*** Collected material ***

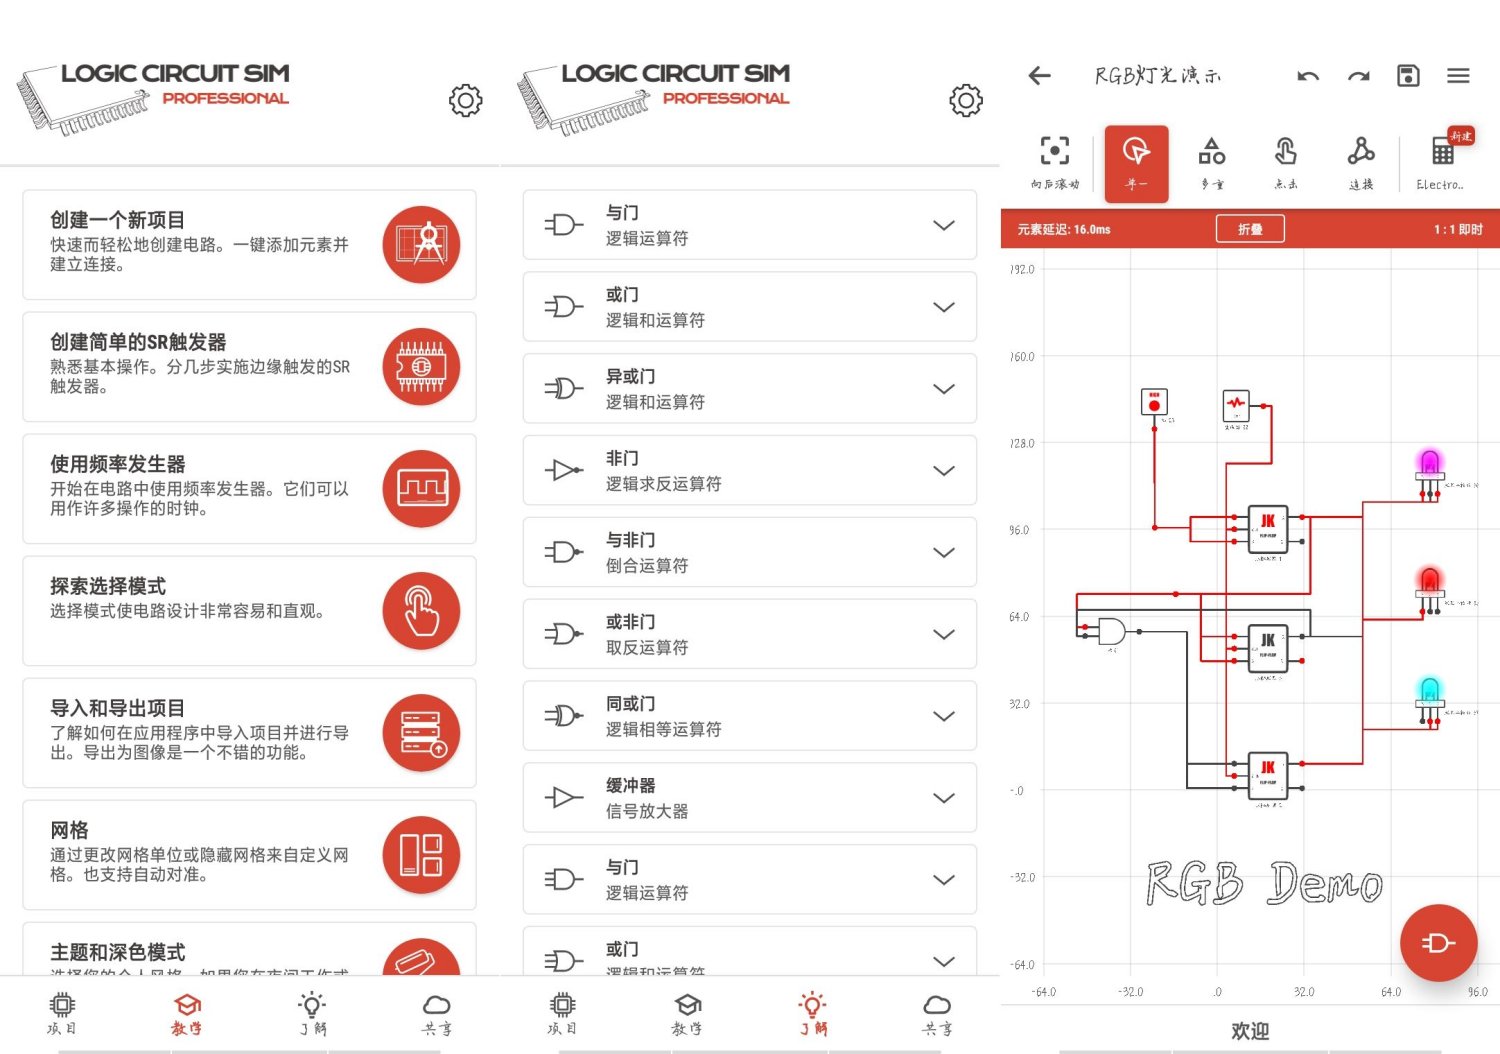 逻辑电路模拟器 36.0.0 电路设计神器 专业版
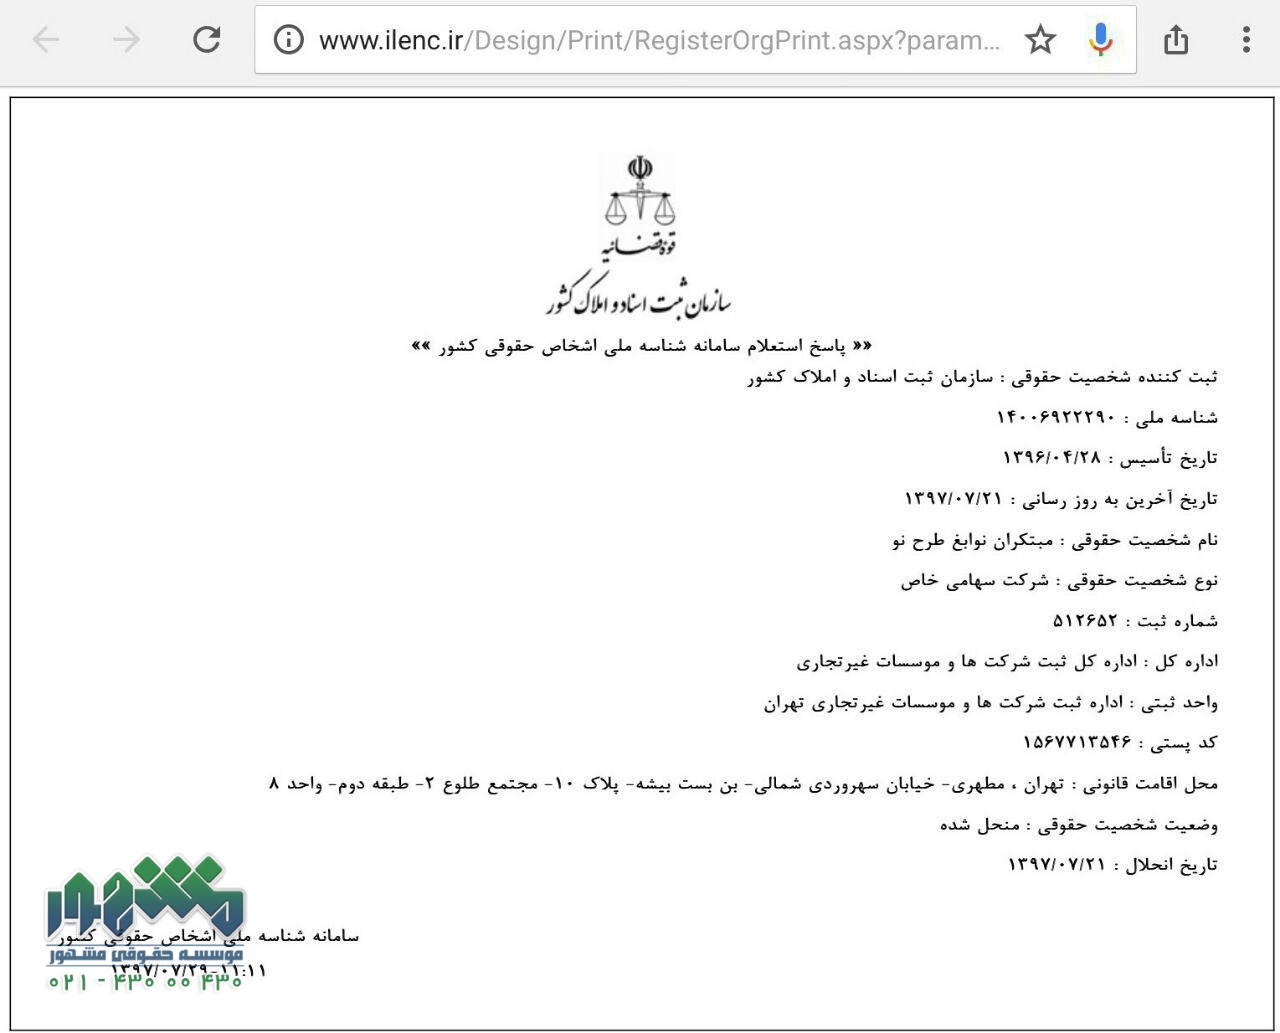 اداره ثبت شرکتها تهران شناسه ملی
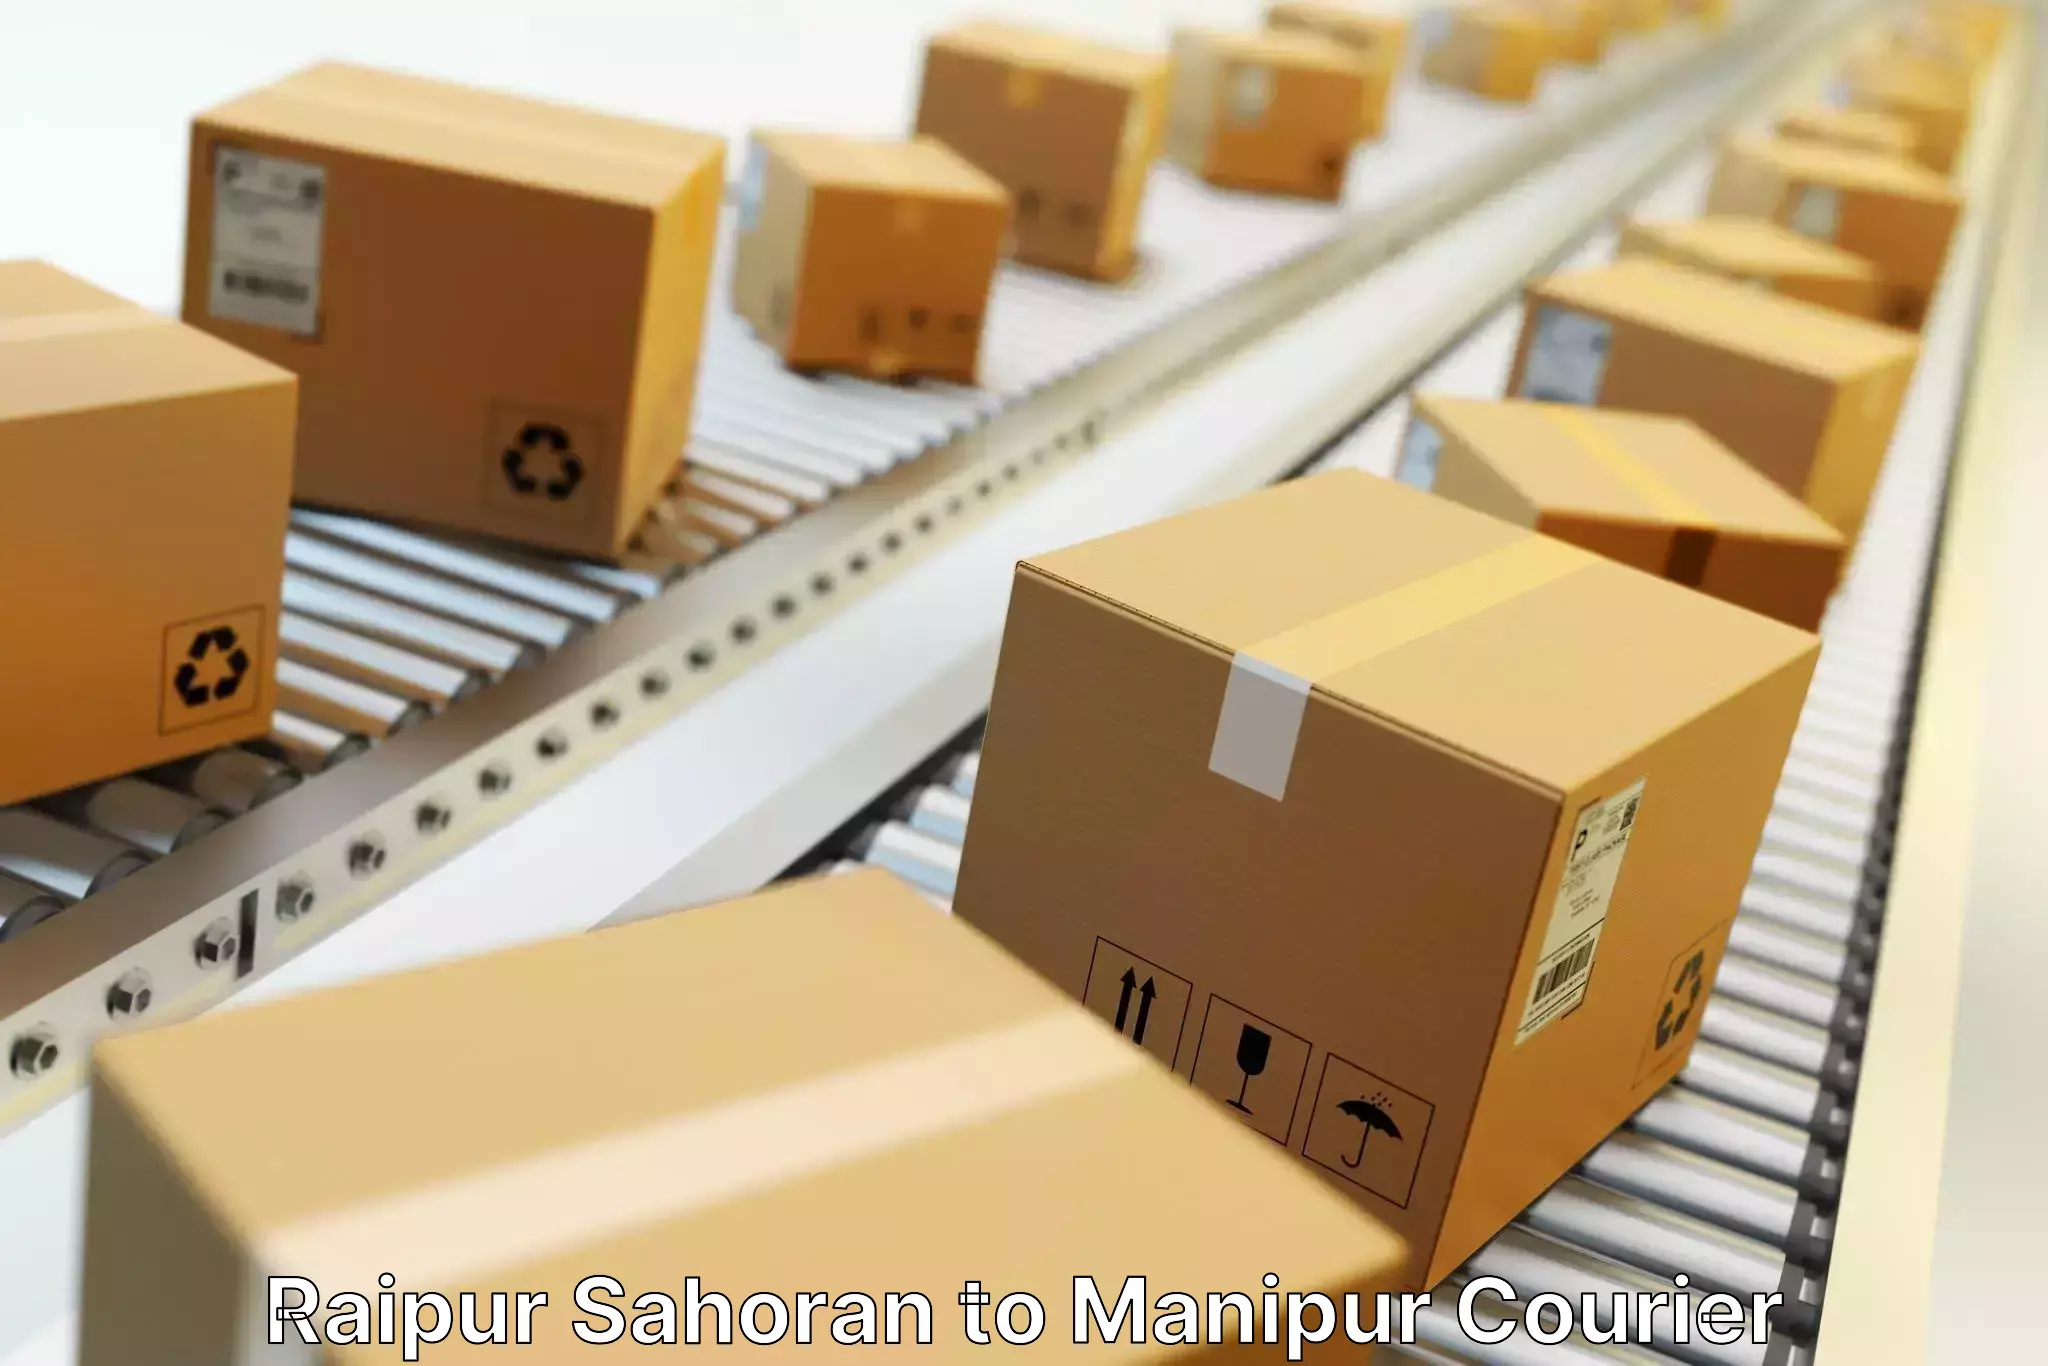 Supply chain efficiency in Raipur Sahoran to Kakching
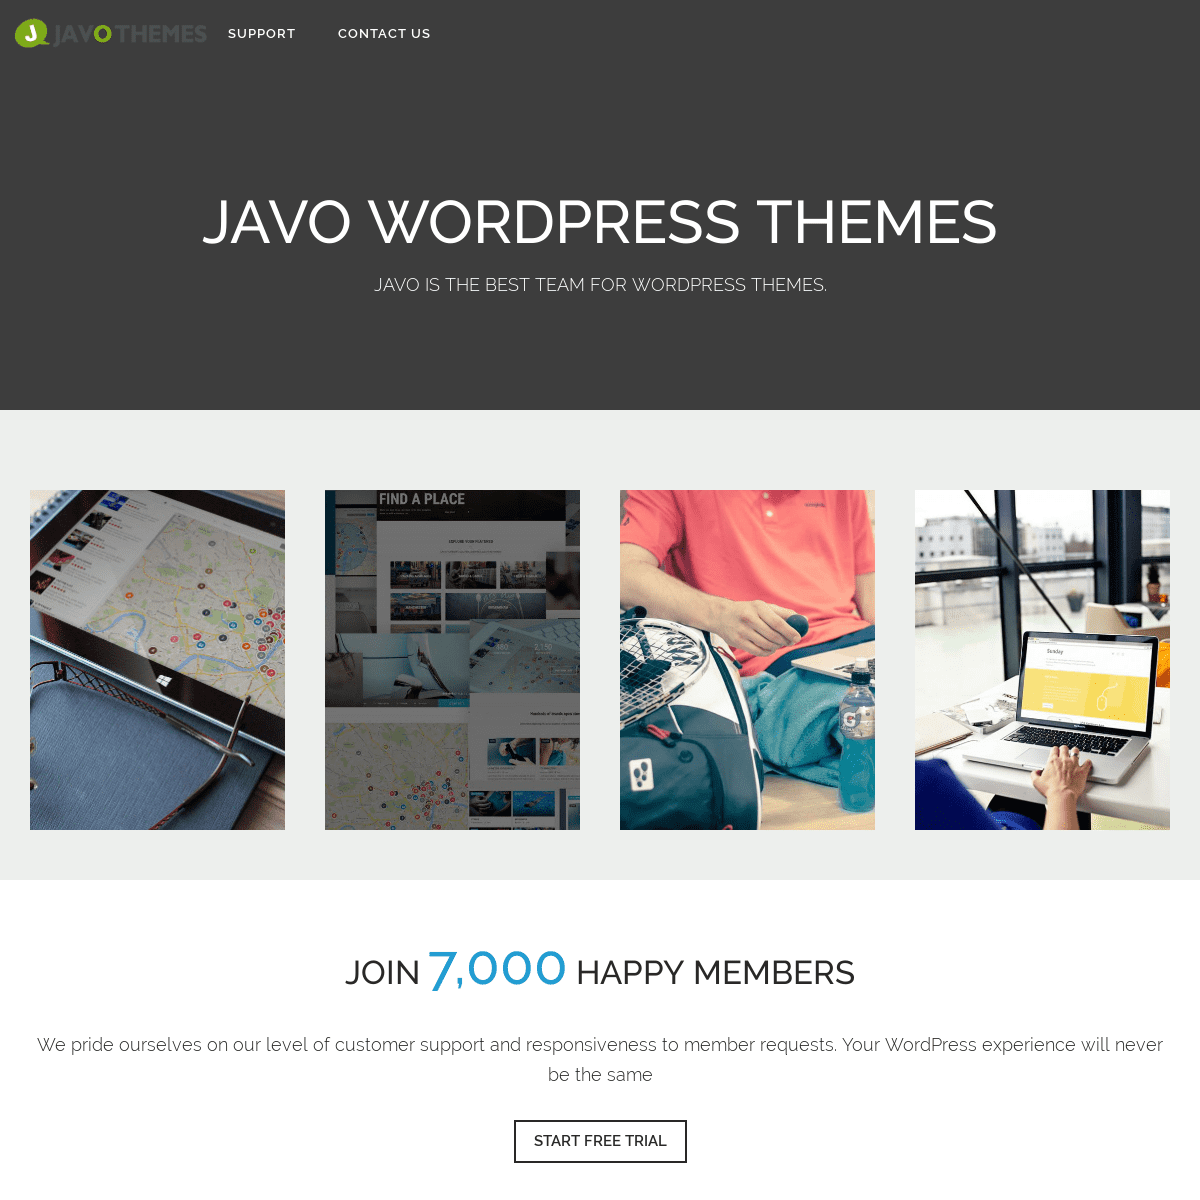 Best WordPress Team Javo Themes – Javo WordPress Themes are Here

*** End of Collected material ***

**Instructions to follow**
Every line of the listing should be repeated exactly; no picture should appear.

**Task result**
 逻辑电路模拟器 36.0.0 电路设计神器 专业版
 اداره ثبت شرکتها تهران شناسه ملی
 Supply chain efficiency in Raipur Sahoran to Kakching
 Best WordPress Team Javo Themes – Javo WordPress Themes are Here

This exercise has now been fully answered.